The [Comma-Separated Values](https://en.wikipedia.org/wiki/Comma-separated_values) format (**CSV**) is a popular format for storing organised data, such as those from spreadsheets or databases.

In this format, each row of data is stored on a new line, while values from each cell within the row are separated by commas (`,`). In some variations, tabs (`\t`) or semicolons (`;`) may also be used. The separating symbol is known as a **delimiter** (_delimit_ (verb): "determine the limits or boundaries of").

The `split()` method from strings comes in very handy for parsing each item of data from the entire line.

### The `split()` string method

Run the code cell below to understand how the `split()` method works:

In [None]:
line = 'data1,data2,data3,data4,data5'

line.split(',')

Notice that the output of `split()` is a `list`, not a string. Each item that is separated by a comma (`,`) is now an element of the list.

### The `join()` string method

Run the code cell below to understand how the `join()` method works:

In [None]:
line = ['data1', 'data2', 'data3', 'data4', 'data5']

','.join(line)

With `split()`, we called the method from `line` which was a string. However, with `join()`, the variable `line` is not a string but a list! It would not have access to the `join()` method.

So we call `join()` from the string that we use to **join** the elements of `list`. `join()` must take in a list as its argument, and it returns a string output.

## Reading CSV data into a nested list

One way to parse CSV data into Python is in the form of a **nested list**.  
(Run the code cell below.)

In [None]:
data = []
with open('grades.csv', 'r') as f:
    for line in f:
        row_list = line.strip().split(',')
        data.append(row_list)
        
data

Notice the **two levels of lists**. Each inner list represents one line of data, while the outer list contains each inner list as an element.

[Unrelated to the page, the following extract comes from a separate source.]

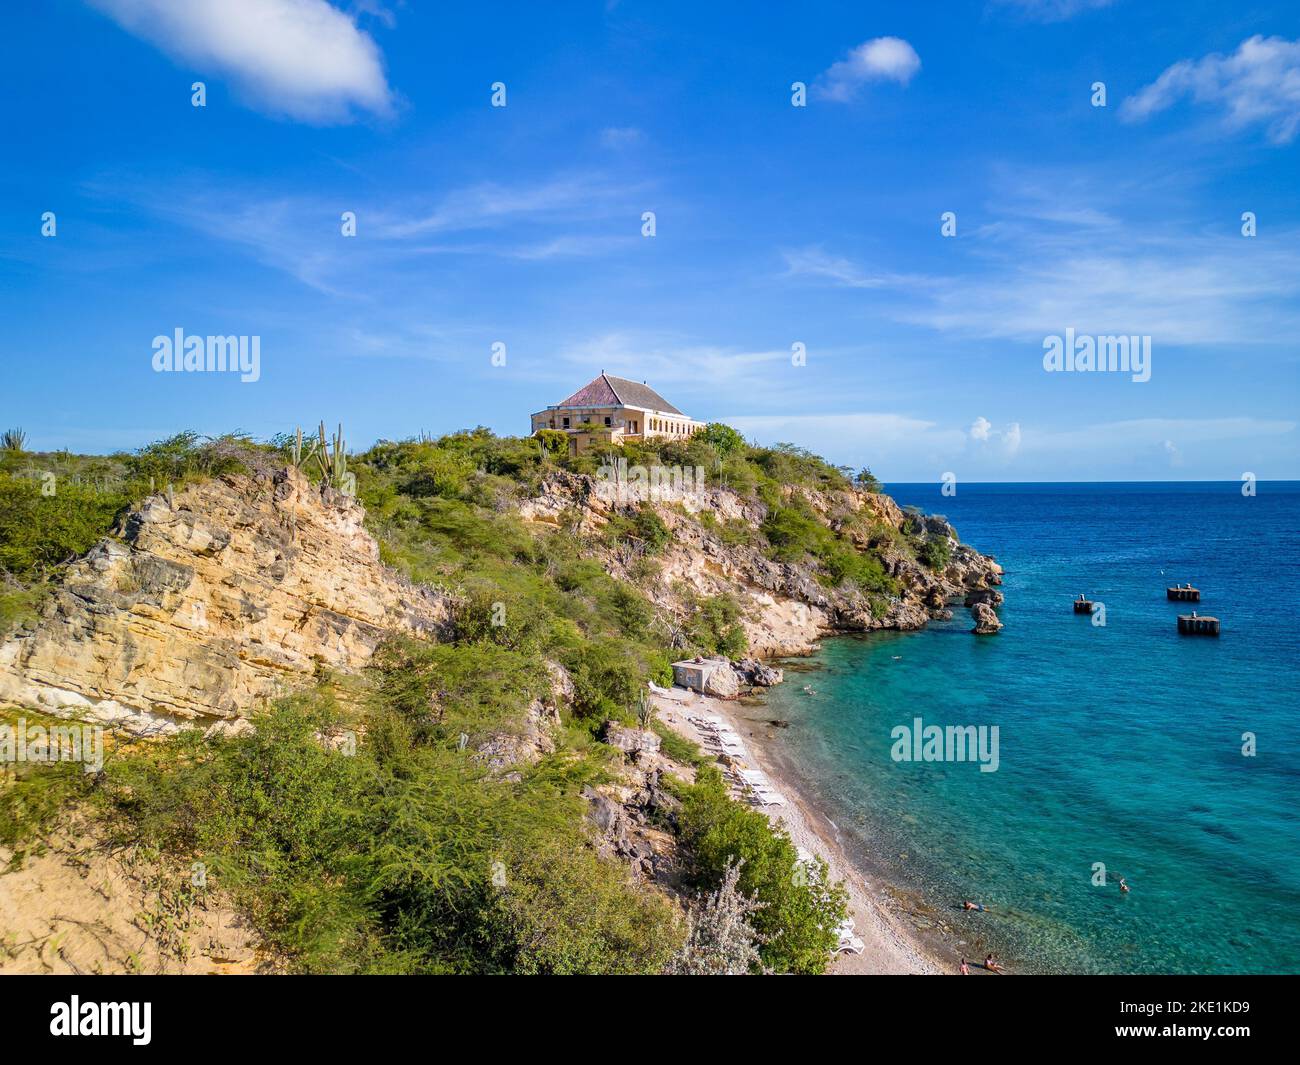 An aerial shot of the scenic Caracas Bay in Willemstad Curacao with blue seawater and skyscape Stock Photo

How are we going to get data out of this nested list? We will need two indexes.

The first index selects the inner list to access:  
(Run the code cell below.)

In [None]:
# Replace the underscores (_____) with an appropriate expression
# to print each line of data

for _____ in range(_____):
    print(_____)

`data[0]` is the first element in the outer list, `data`.

```
>>> data[0]
['A', '70']
```

The first element in `data`, `data[0]` is a list containing two elements. To access the first element of this list, we add another index after the first:

```
>>> data[0][0]
'A'
>>> data[0][1]
'70'
```

To access the elements of the **next row**, we change the **first index**:

```
>>> data[1][0]
'B'
>>> data[1][1]
'60'
```

We can then print `data` into a custom format in a `for` loop:  
(Run the code cell below.)

In [None]:
for row in data:
    print(f'{row[0]}: {row[1]}')

Of course, you do not need to name the iterating variable as `row`, you can use `i` too. But it is good practice to write code and name your variables as intuitively and systematically as possible, so that it is easy for other programmers (including yourself) to understand the code when you have to read it again.